> _What you need to do_: Drop all images. Then write out each line below exactly as given.

(Given information begins)

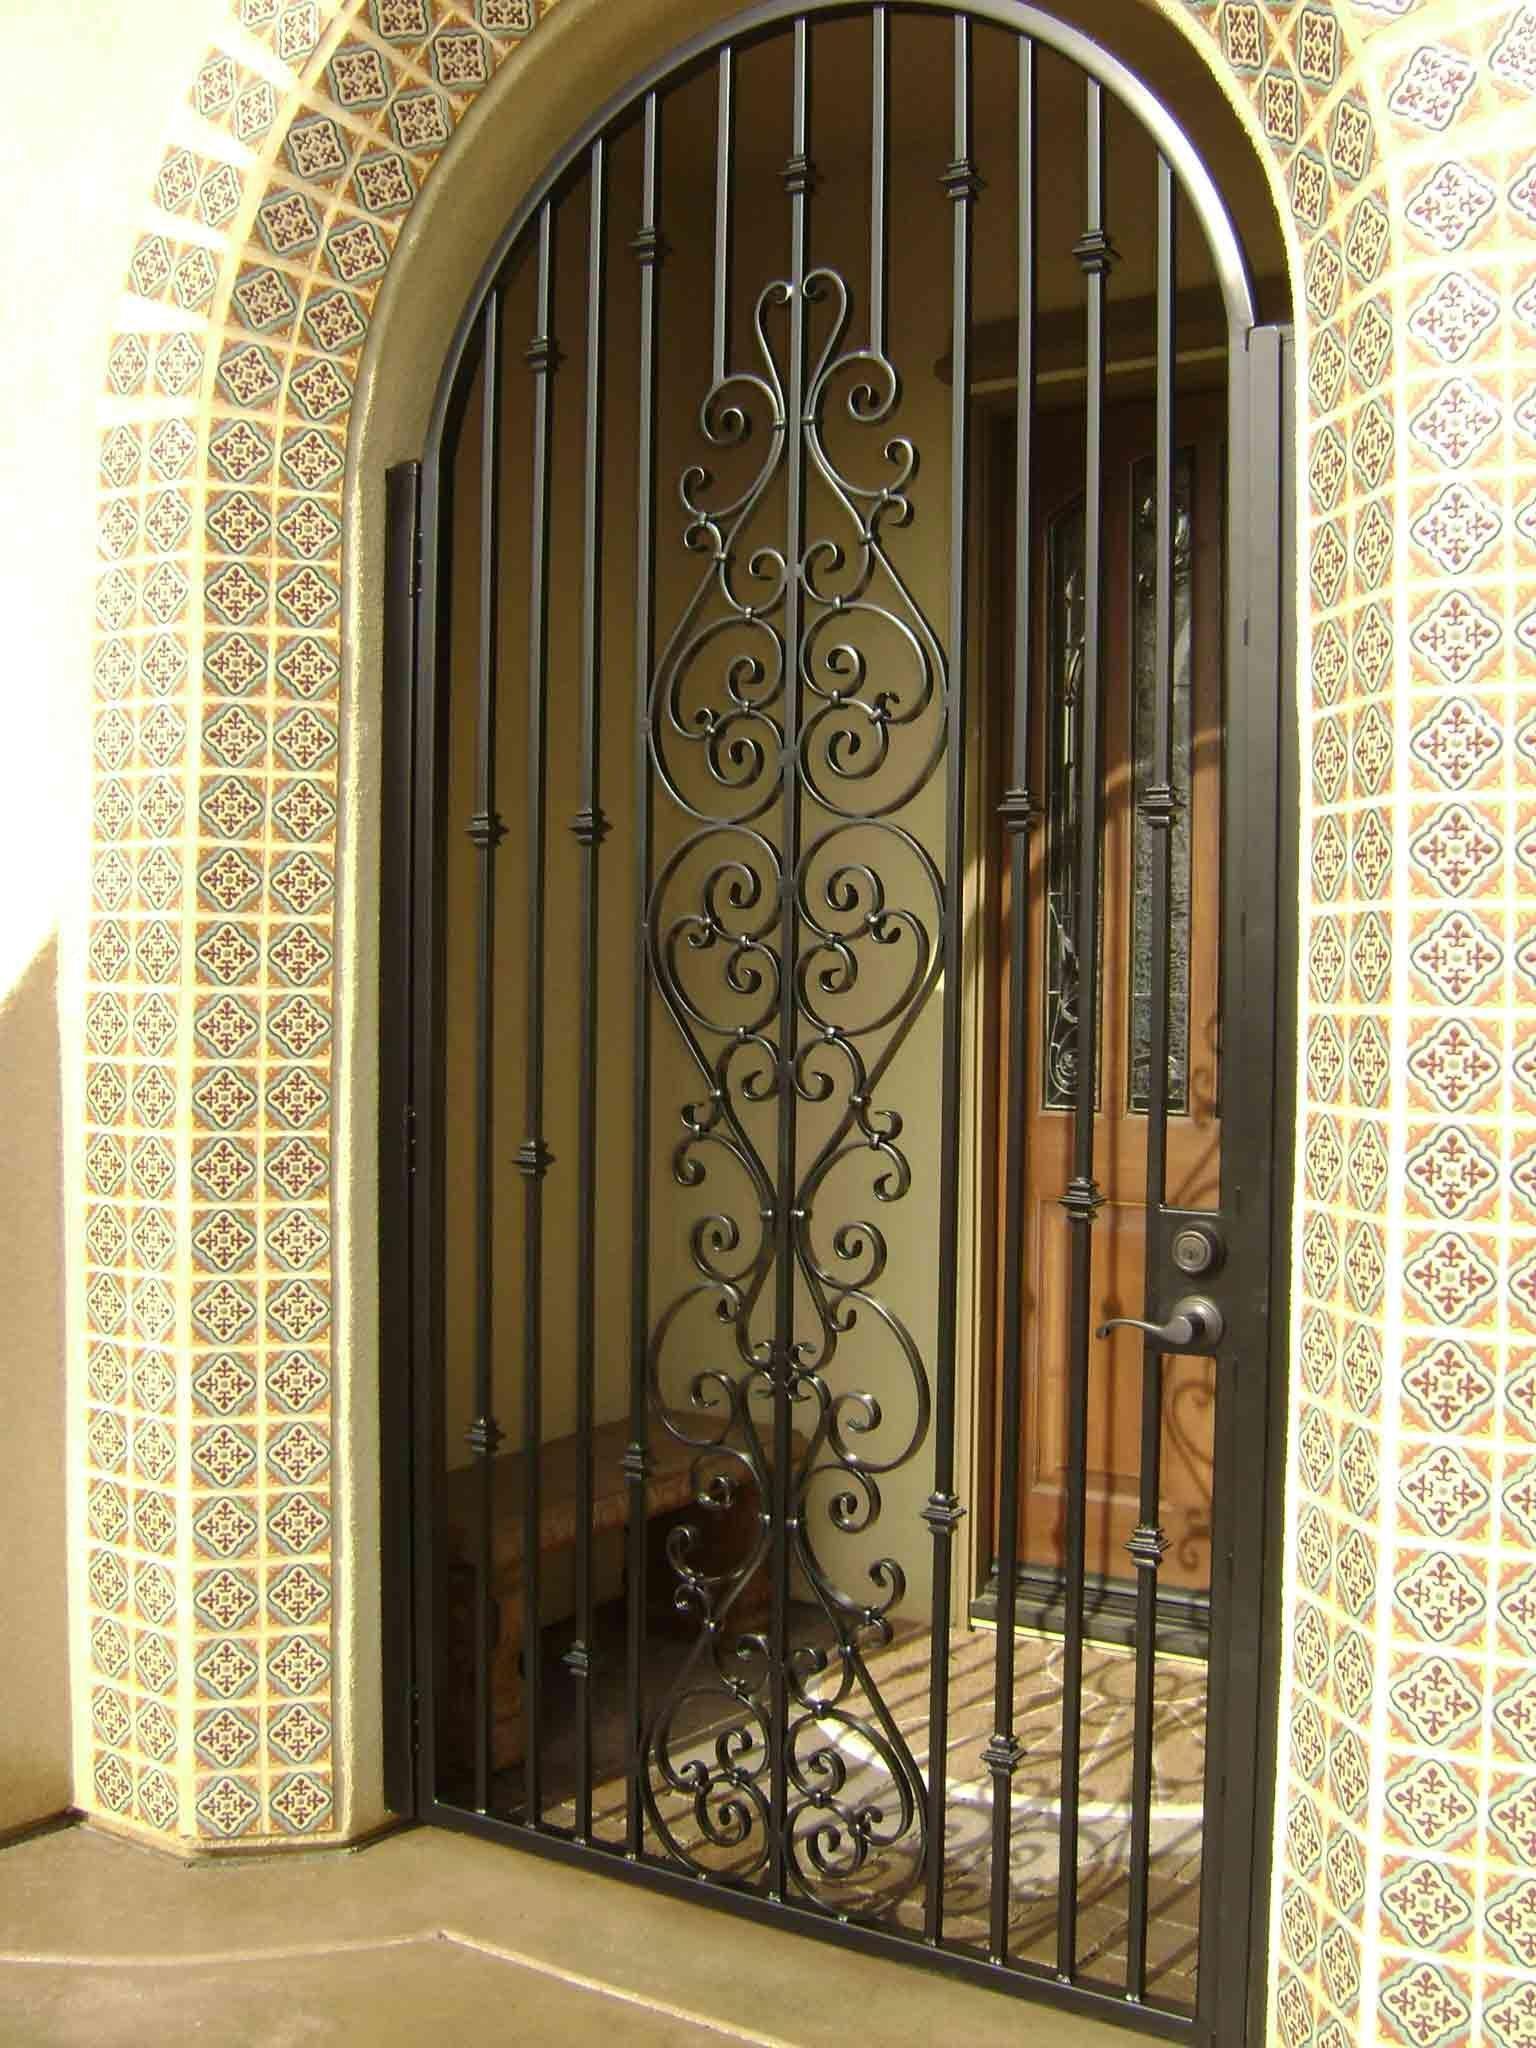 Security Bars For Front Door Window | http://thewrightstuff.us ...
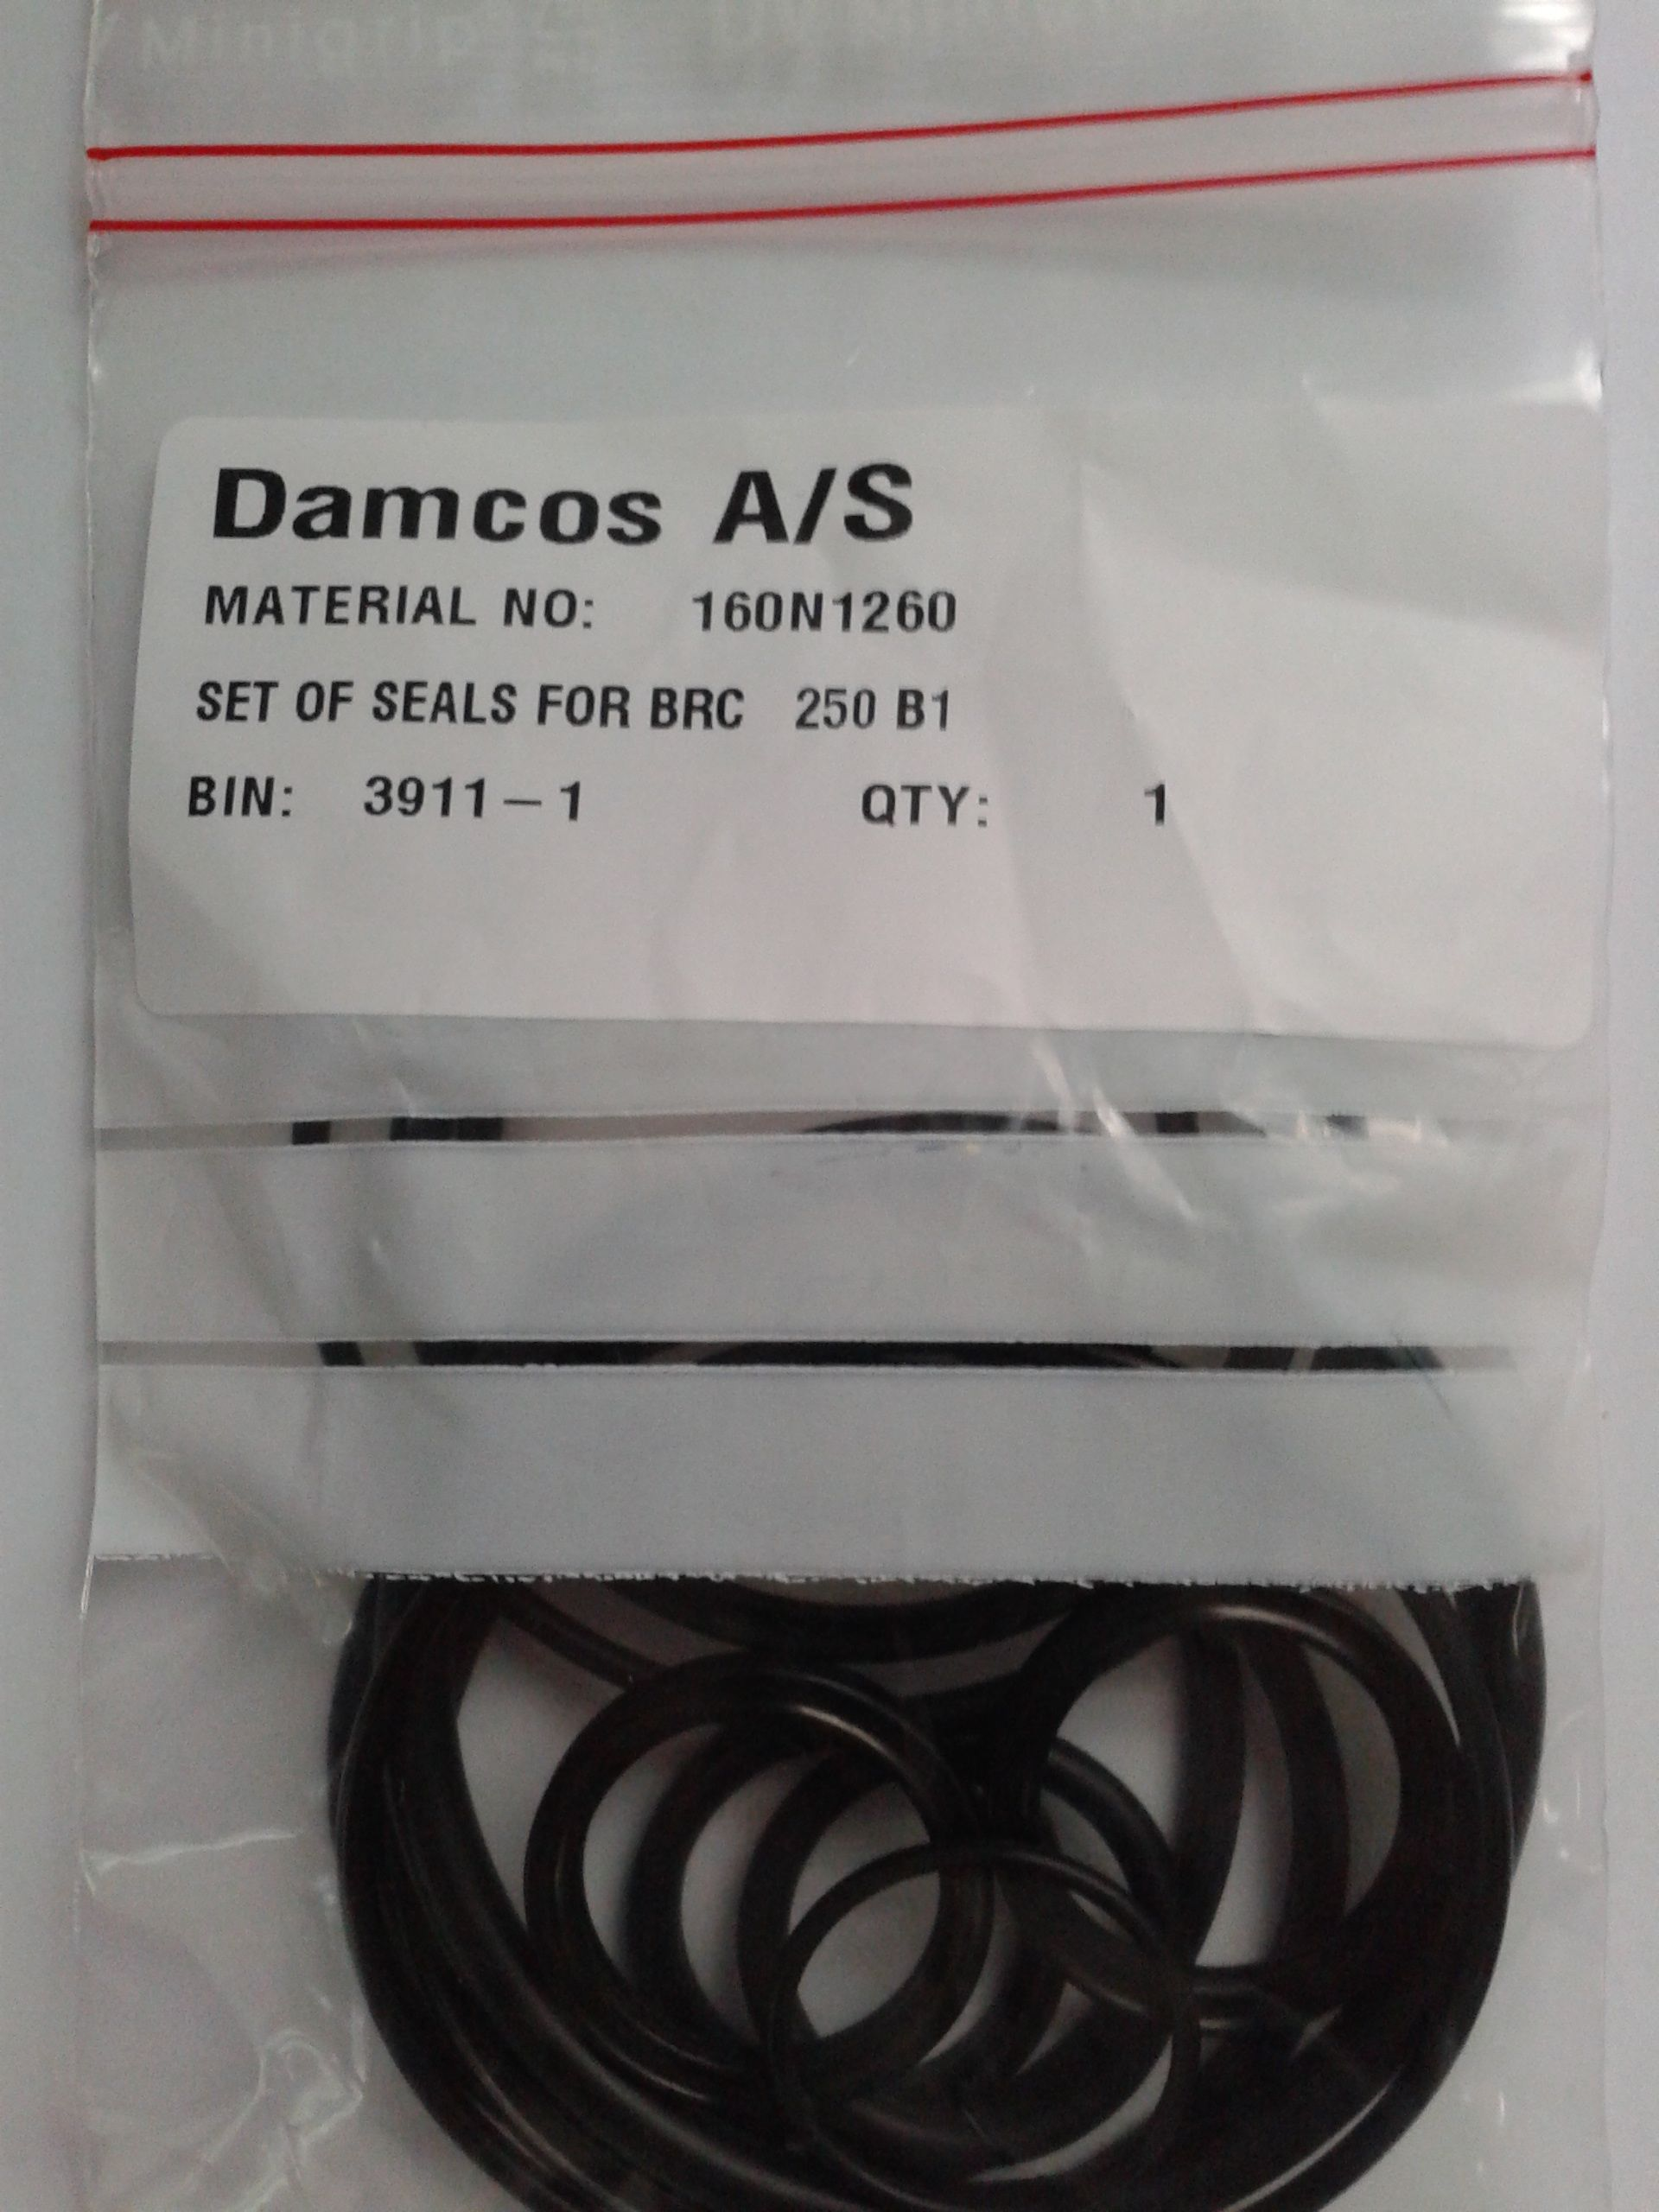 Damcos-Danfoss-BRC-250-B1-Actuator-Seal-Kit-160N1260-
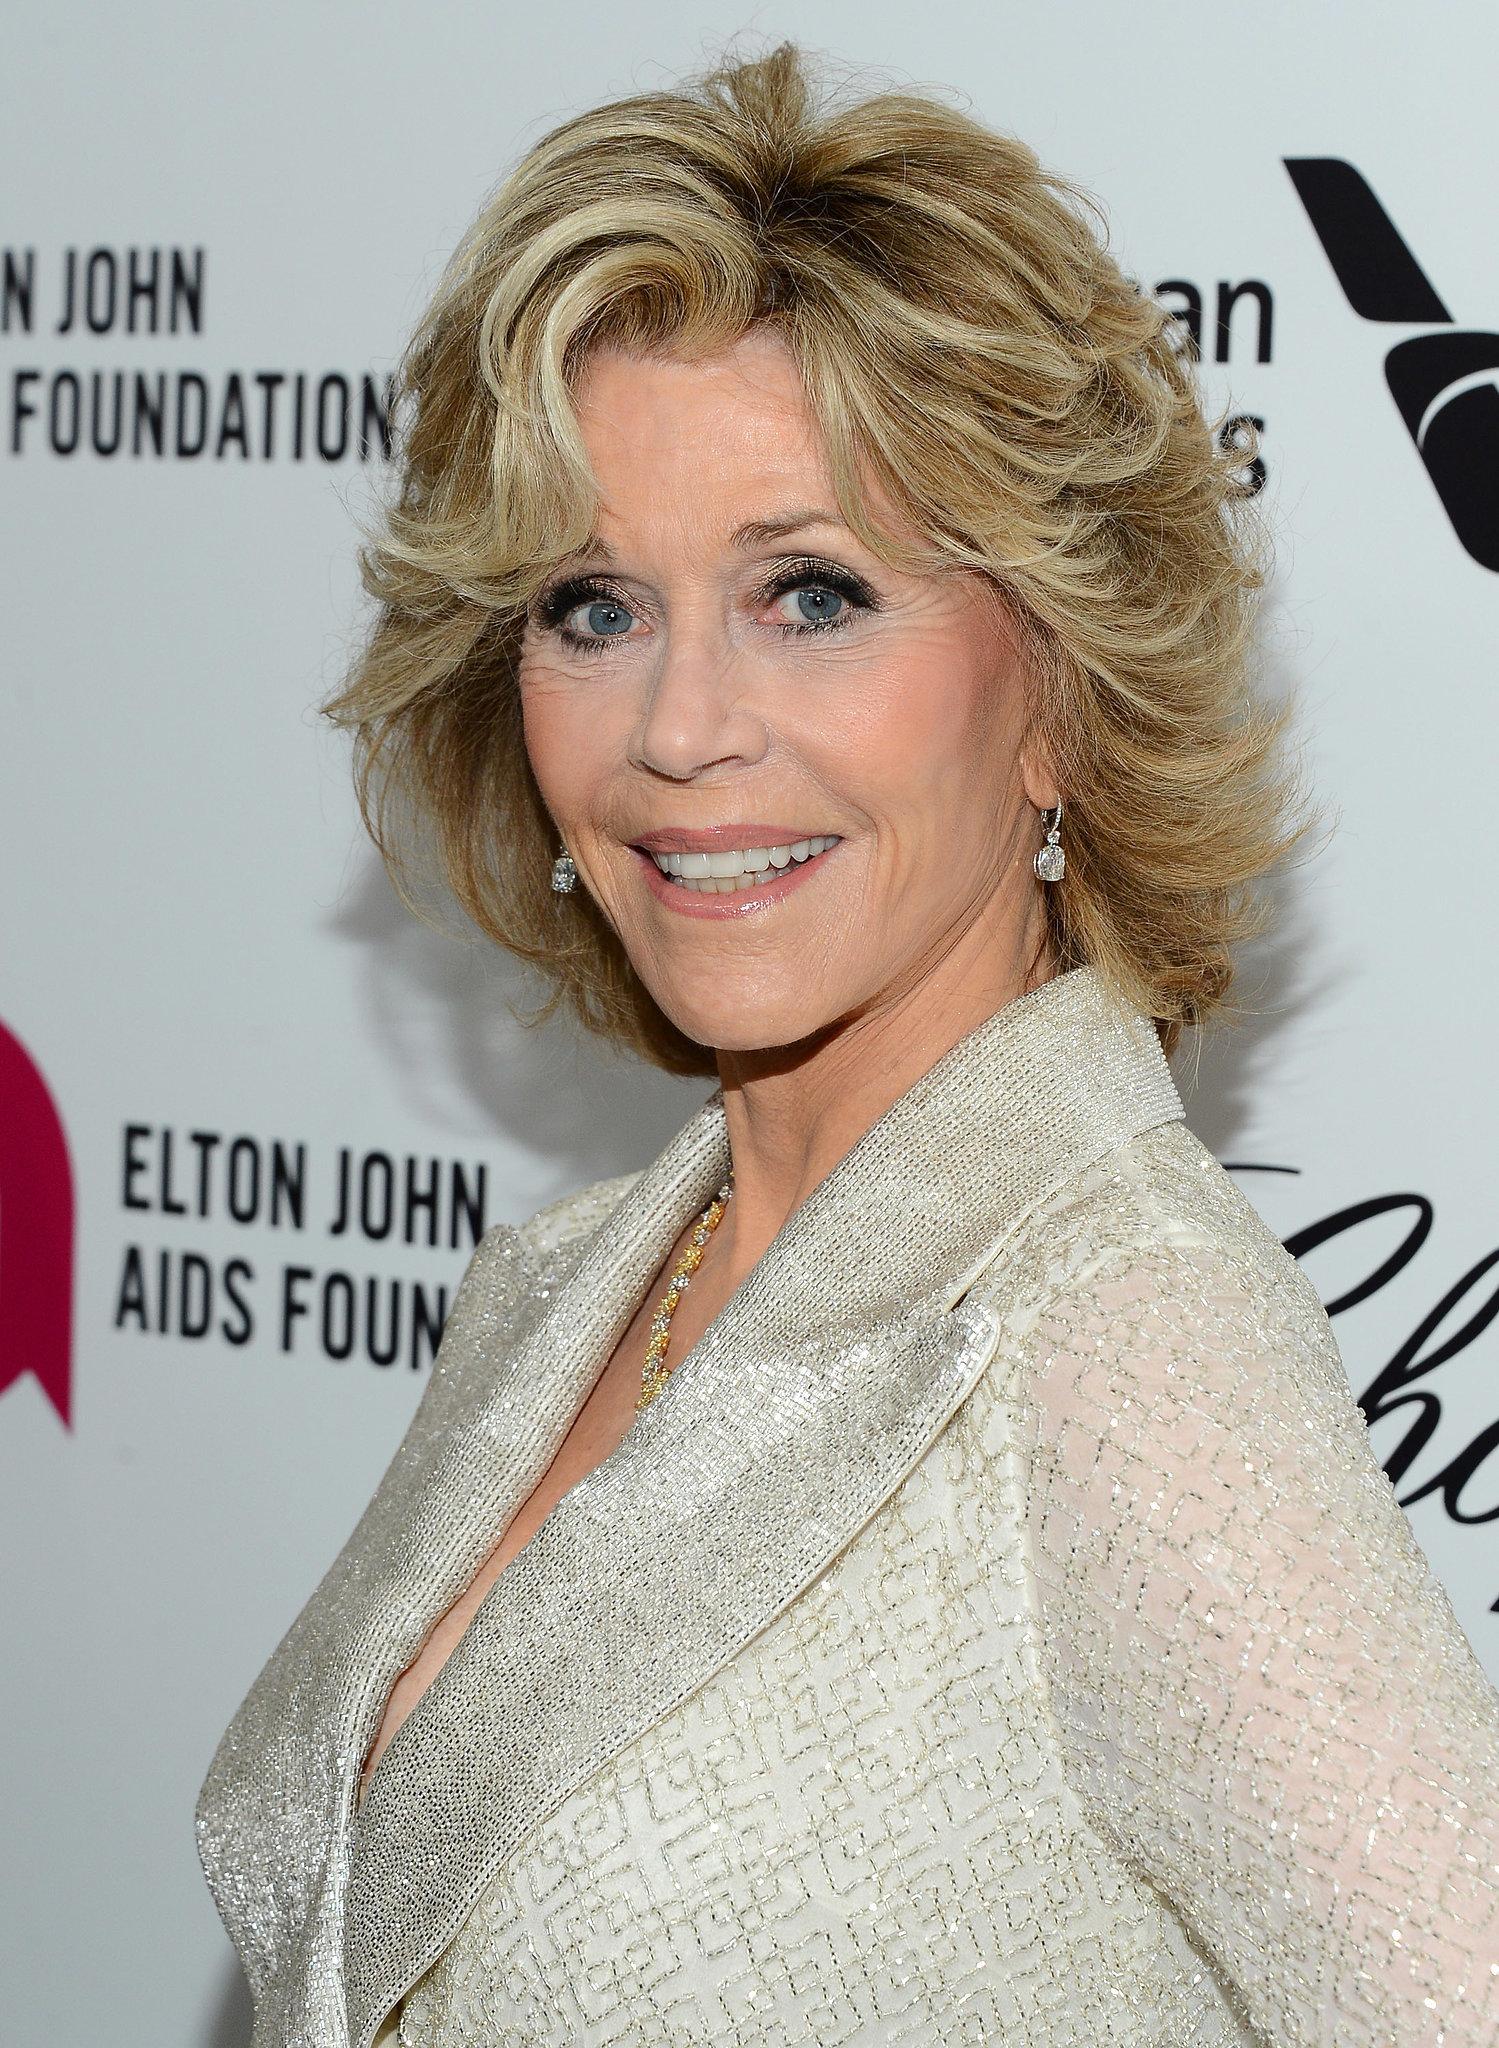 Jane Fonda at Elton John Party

(Given information ends)

> _Task response_:
 Security Bars For Front Door Window | http://thewrightstuff.us ...
 Damcos-Danfoss-BRC-250-B1-Actuator-Seal-Kit-160N1260-
 Jane Fonda at Elton John Party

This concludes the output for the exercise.